Rozdział 4

248 12 0
                                    

Wkrótce udało mi się wypakować wszystkie moje graty i znaleźć im nowe miejsce, znacznie przyjemniejsze niż kartonowe pudła. Zaczęłam też dużo swobodniej poruszać się nie tylko po domu, ale i po okolicy, zwiedzając ją i szukając najważniejszych punktów. W spożywczaku Sophia i Claire zawsze cieszyły się na mój widok, podpytując o to, jak mi się tu mieszka i jak planuję swoją przyszłość w Saguenay. Ja wypytałam je o to, co powinnam podarować solenizantce, ale zapewniły mnie, że nie muszę się niczym kłopotać – ta, jasne. Postanowiłam upiec jedno z moich wypasionych ciast, żeby chociaż tak wkupić się w łaski kobiety, której nie znałam. Podczas środowych zakupów słuchałam ploteczek o osobach, których w życiu nie widziałam na oczy, kiedy do sklepu wszedł mój wielki sąsiad. Nasze spojrzenia się spotkały i coś we mnie zaczęło się gotować.

-Dzień dobry – przywitał się z nami miękko i szybko odwrócił wzrok.

Bardzo chciałam sobie już stąd iść, ale Claire właśnie zaczęła jakiś turbo ciekawy wątek, więc zostałam zmuszona do wysłuchania nowości na jego temat. Odsunęłam się na bezpieczną odległość, kiedy mój sąsiad podszedł do lady.
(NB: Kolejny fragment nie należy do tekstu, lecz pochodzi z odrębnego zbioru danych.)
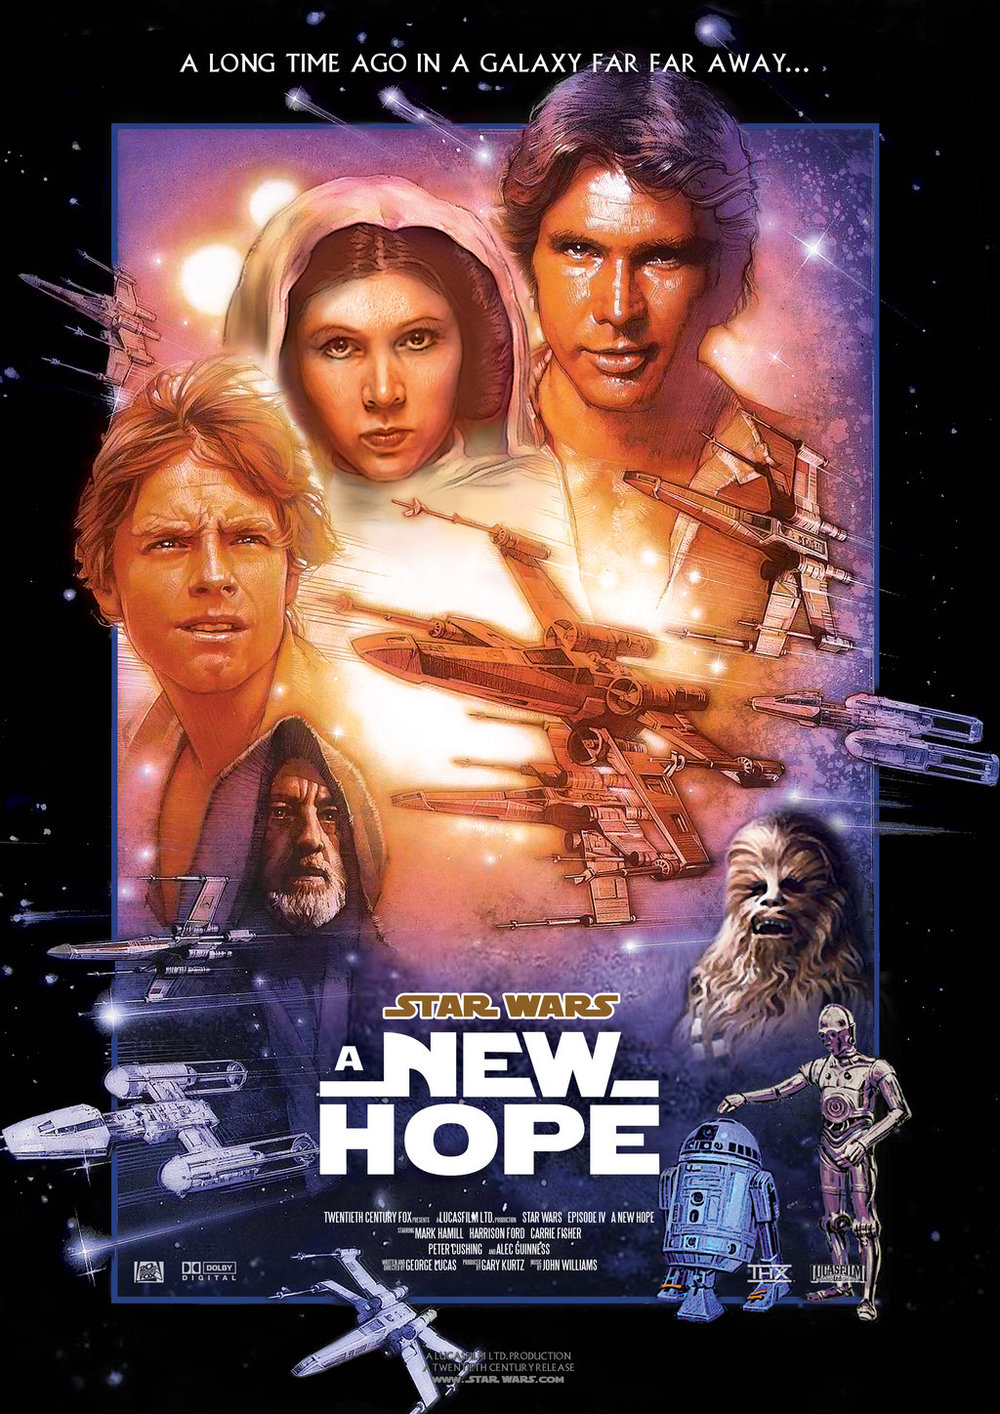 star_wars_iv___a_new_hope___movie_poster_by_nei1b-d5t3cw9.jpg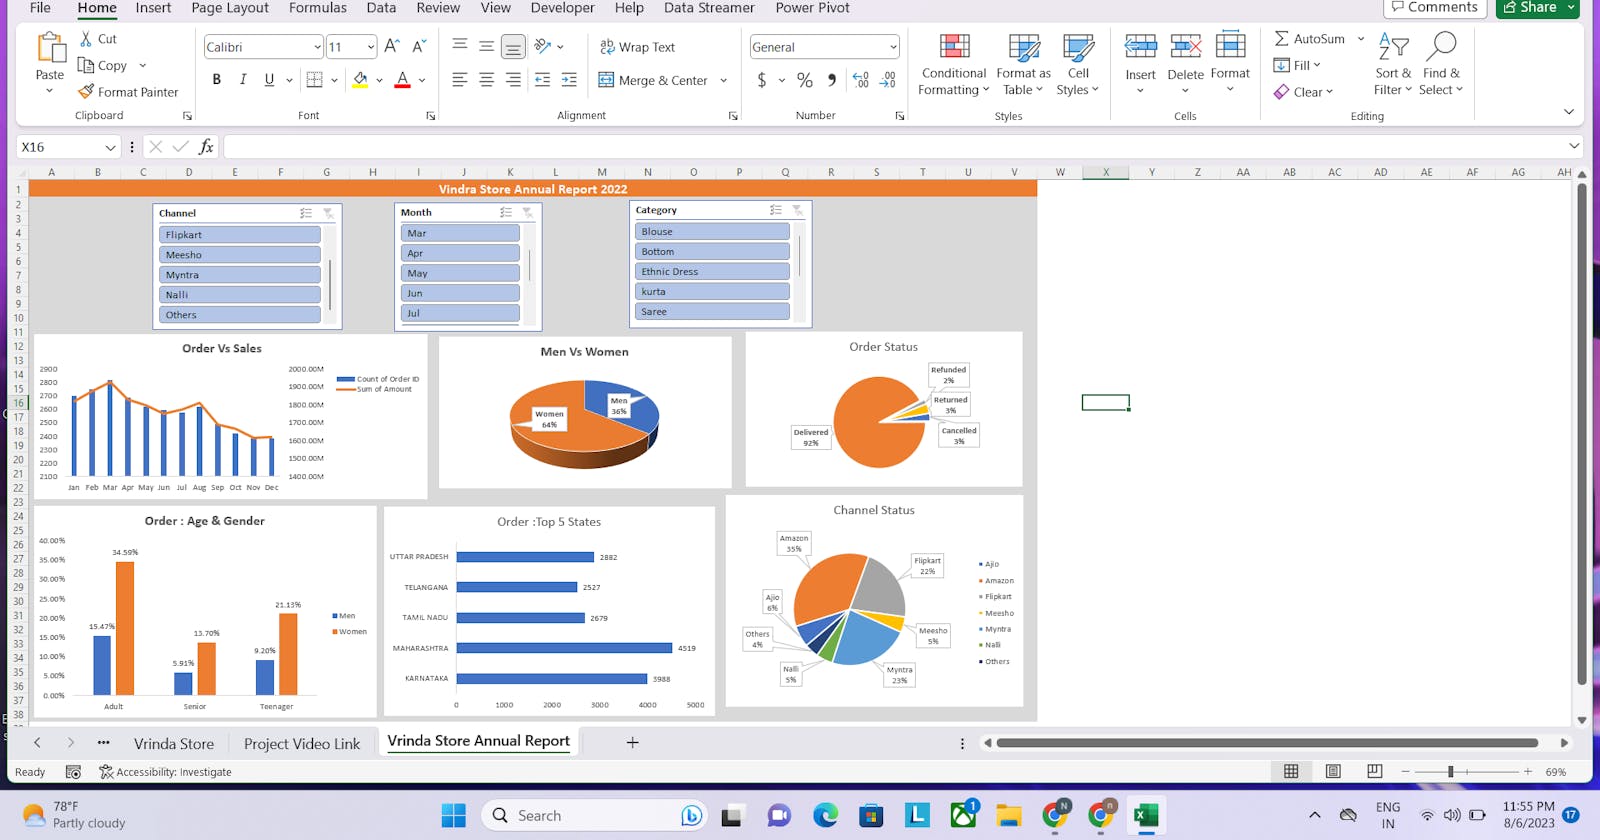 Data Analysis and Visualization in E-commerce using MS Excel: A Step-by-Step Guide

-Ryanie Favreau, kochanieńki – zaczęła Sophia, kasując jego zakupy. - Florence mówiła, że ostatnio naprawiłeś jej pralkę, a ja mam taki sam model. Coś zaczęło mi w niej dziwnie stukać i to może być to samo, co u Florence. Mógłbyś na to zerknąć, jeśli znajdziesz chwilę?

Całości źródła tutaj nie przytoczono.